Following Amin’s order for the expulsion of all Indians from the country under a 90-day deadline, her family fled Uganda, finding themselves in Dundee.
Now, more than 40 years later, Jaimini tells her story in The Last Queen of Scotland, a one-woman play previewing at Dundee Rep before showing at the Edinburgh Fringe.
Playwright and Abertay University video producer Jaimini explains how the production – directed by the Rep’s Jemima Levick for Stellar Quines – came about.
“My original research inspired me to write the poem The Last Queen of Scotland, which takes the form of a conversation with Idi Amin and discussed his decision to expel us from our home,” she says.
“The poem provided the title and I developed the starting point for the play with the help of mentoring from National Theatre Scotland and Dundee Rep.”
The play looks at how one woman combats her demons with Idi Amin in Uganda in 1971, lands in Dundee and tries to make sense of everything that has happened, as well as the social and economic situation in both Dundee and Uganda in the 1970s.
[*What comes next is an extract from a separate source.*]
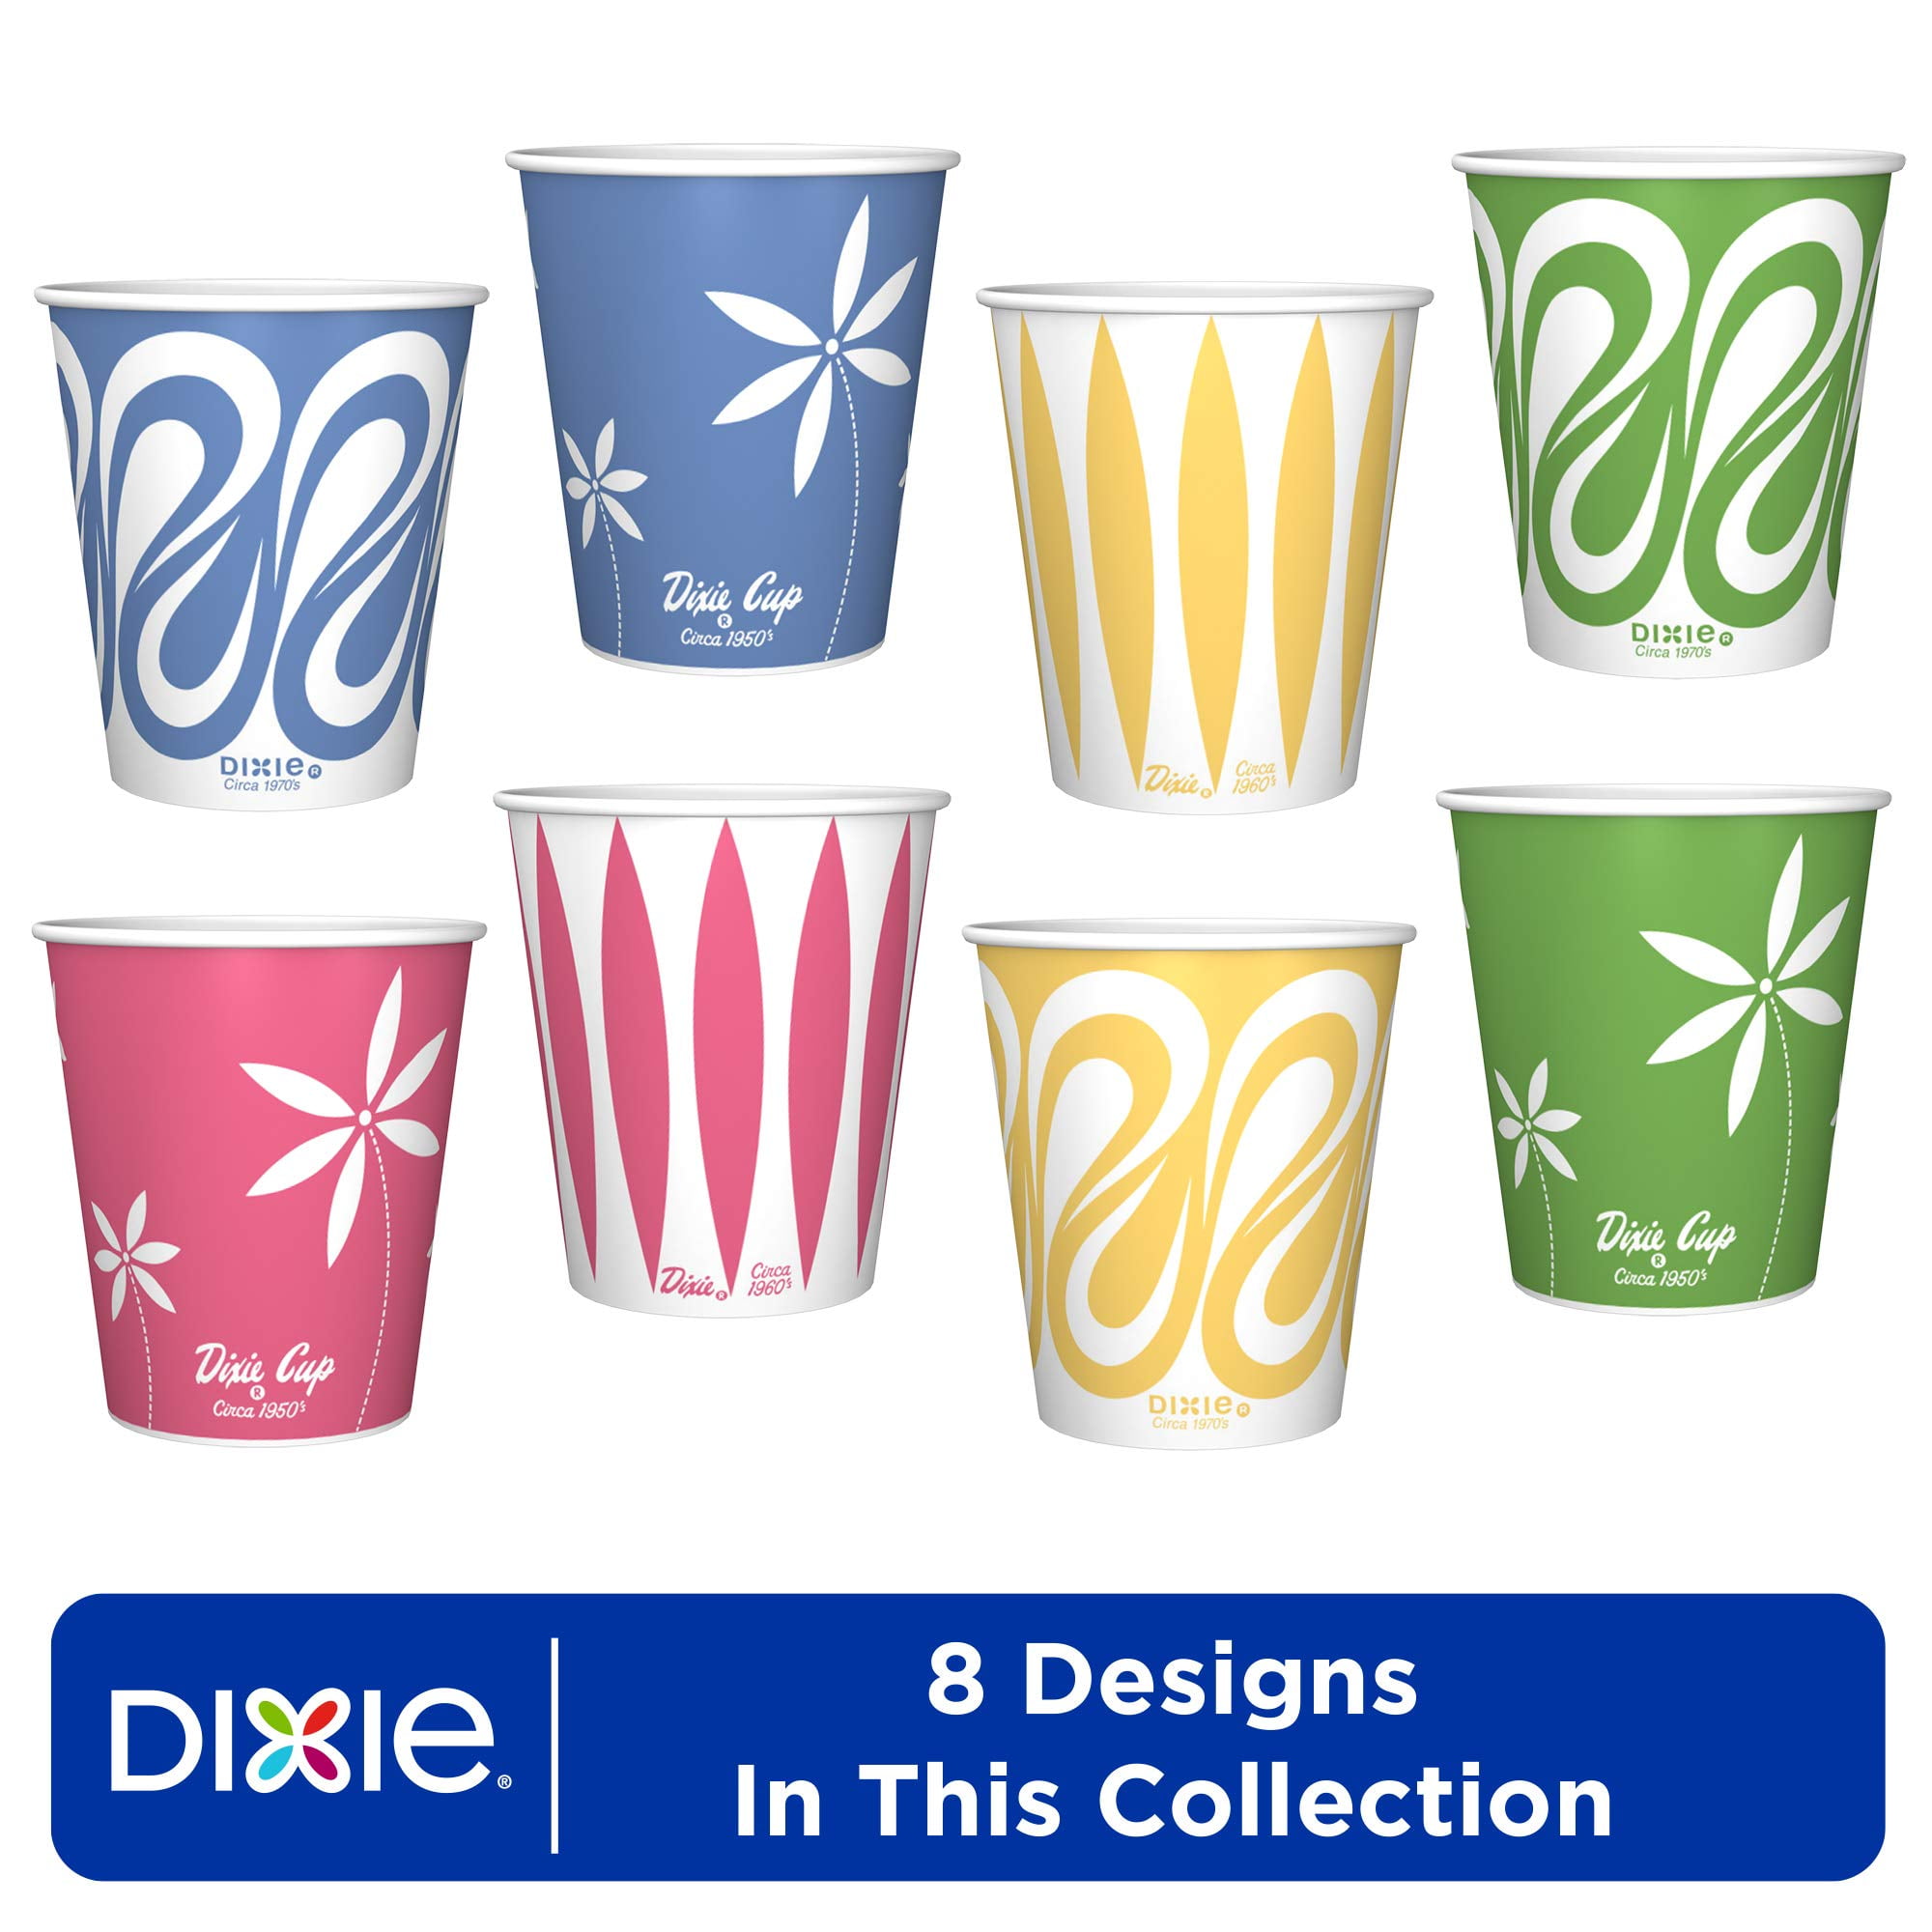 V: “A Dixie for Every Need” – The Diffusion of the Paper Cup

“It sheds light on a unique period in Scotland’s social history and the particular story of a community in exile that has rarely been told,” adds Jaimina, who considers herself to be a Scot through and through, went to Craigie High School before studying film and television in London.
However, it wasn’t long before she was back in her beloved Scotland.
“I missed the culture and the Dundonian dialect and felt I was losing that in England,” she says.
In recognition of her passion for her home city, the script for The Last Queen of Scotland is written in the street sounds of the city’s dialect, accompanied by a live soundtrack.
“It’s my homage to my city, my love letter to The D,” she adds. “There have been so many tributes to the mill lavvies, to the Timex workers but I wanted to tell a story that is current and talks to a new generation about a subject close to the hearts of many.”
“I have decided to reclaim my heritage with this play,” says Jaimini. “I am saying to Idi Amin ‘You can’t have Scotland and what do you know about the country anyway?’
“When you Google Idi Amin one of the first things that comes up is The Last King of Scotland – Scotland doesn’t want that association,” says Jaimini.
“He was a potent character and although it’s hard to change history, the play chips away at his persona.”